The lender will also want to see a bank statement or other proof of income. If you’re applying for a personal loan you may have to provide additional documentation such as

  • A complete loan application
  • W2 forms
  • Income tax returns (if applicable)
  • Proof of income (pay stubs, bank statements)
  • Three (3) months of credit card statements
  • Three (3) months of rent receipts
  • Property tax assessments (last three years)
  • A detailed personal history
  • A medical history (if applying for a health loan)
  • Proof of coverage (car, health, life, disability insurance)
  • A completed loan application
  • A passport photo
  • A driving record
  • A credit report (3 months)

Credit Score

If you have a good credit score you may be able to get a good deal on a short term loan. Some lenders have a minimum credit score requirement of 620, so make sure you are meeting that requirement.

If your score is between 500 and 620 you may qualify for lender-approved loans. However, you will most likely have to pay extra for these loans. Your credit score will also be used to determine your loan term. The higher your score the longer the loan will be available for you to borrow. Keep in mind that if you miss a payment on your loan it could affect your credit score.
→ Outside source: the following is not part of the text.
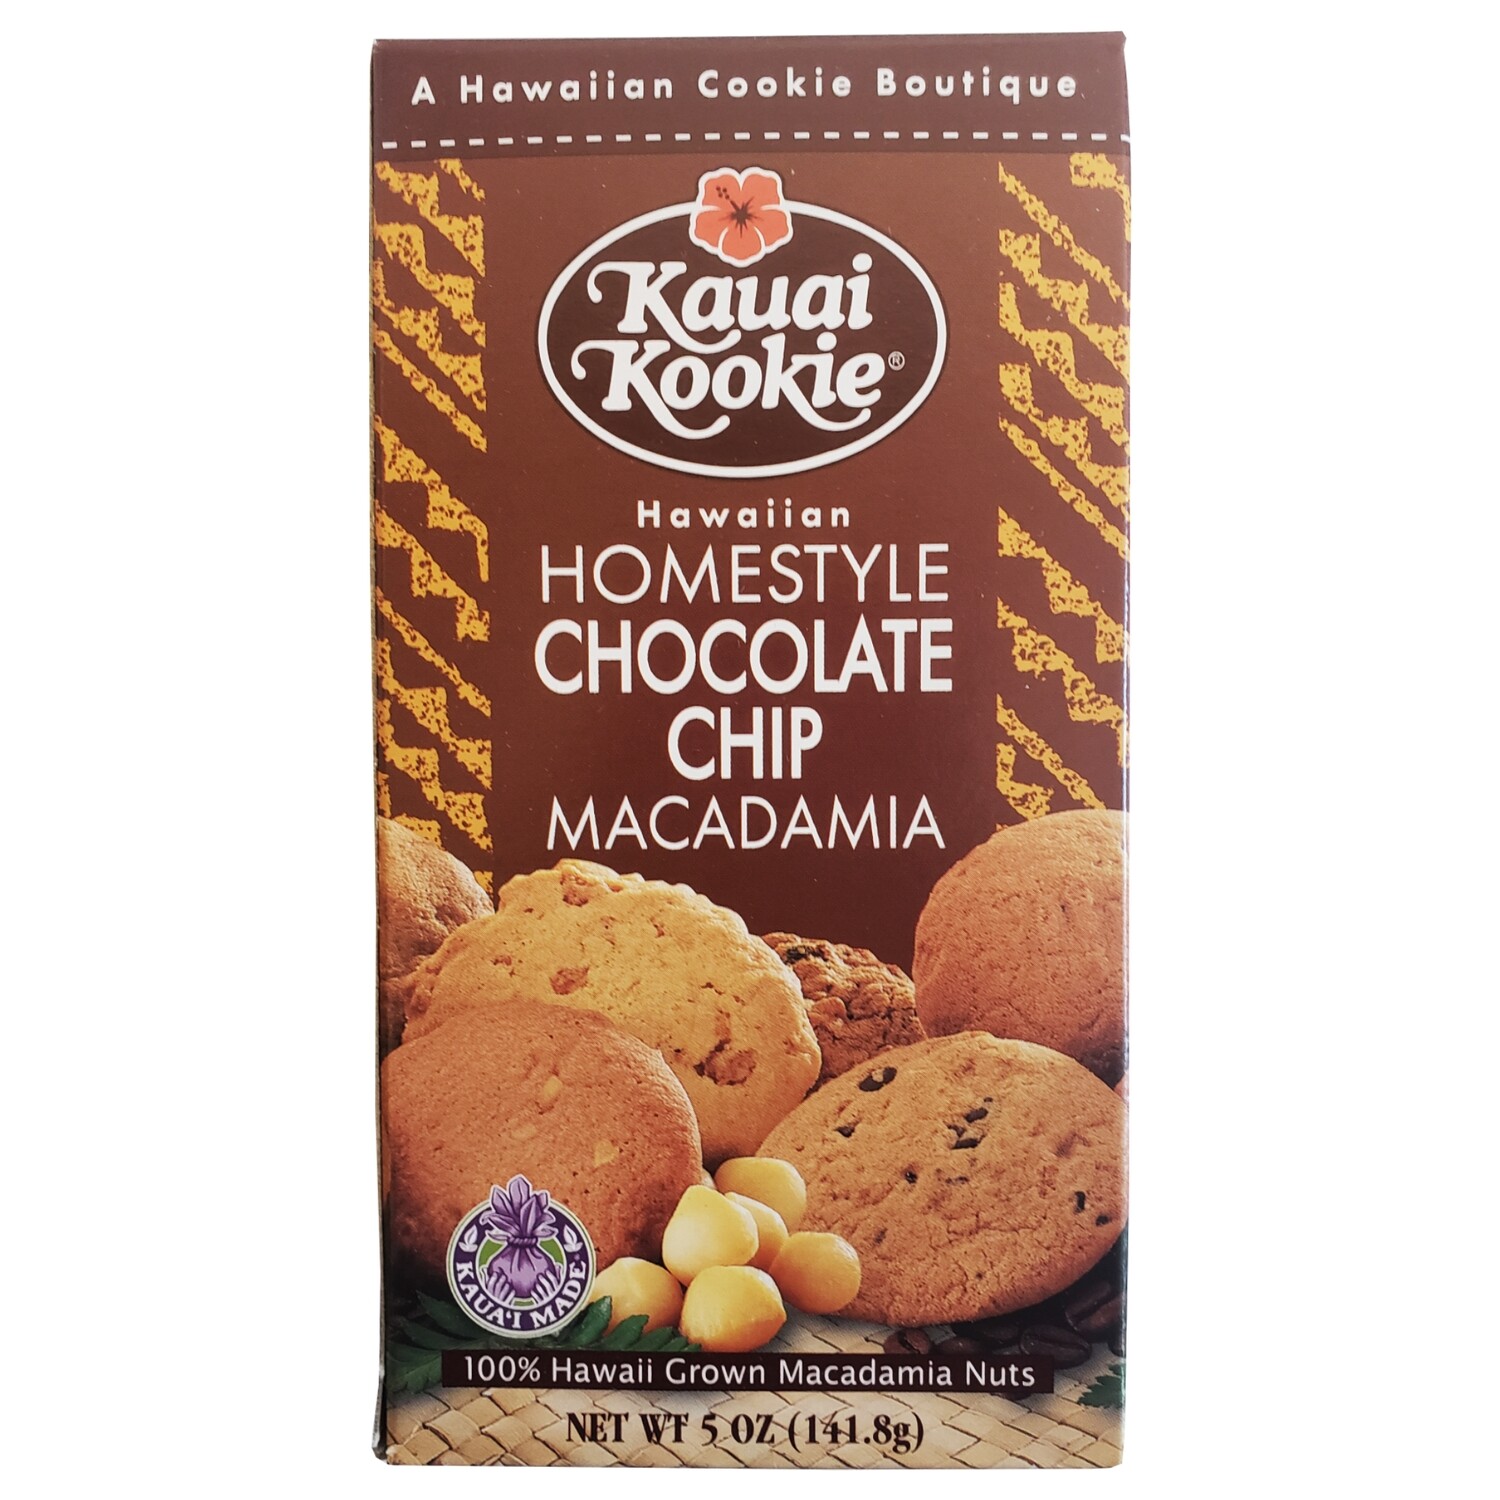 Kauai Kookie Chocolate Chip Macadamia Cookies 5 oz

Your income is one of the key factors that the lender will use to determine your ability to pay back the loan. The more you make the more expensive your loan will be. It is typically best to apply for a loan that is reasonable given your income. However, if you truly need the money you can always ask the lender for an adjustment. It is not unreasonable to ask the lender for a smaller repayment if you don’t make enough to cover the bills.

If you are concerned that you might not be able to make the payments on time you should apply for a loan with a penalty clause in case you miss a payment. Without one you are risking being sued by the lender.


It is always best to apply for a loan from a physical location since it is easier for the lender to verify your address. However, if you don’t have a good enough credit score to get approved for a loan in your area you can always look for alternate loan options.

The Process

When you finally get approved for a loan it is best to act quickly. The lender will have to verify your income and credit score and then process the loan within a few days. You will need to make sure that you don’t skip any payments or stretch out the term of the loan. Getting into any kind of debt is never a good idea, so make sure you are paying back what you owe in a timely manner. If you are using a credit card to make your monthly payments you will need to stop using the card and pay the bill in full each month. Many people use credit cards because it makes the payment process easy and convenient, but in the long run it could hurt your financial health.

If you are looking for a way to get the cash you need without having to pay too much interest make sure you apply for a short term loan. You’ll need to meet certain requirements and provide the lender with the required documentation. Don’t worry, you are not alone in seeking financial help. There are a number of companies that specialize in lending money with no credit check, no social security number, and with a minimal cash payment. It is a quick and easy way to get the money you need with no problems.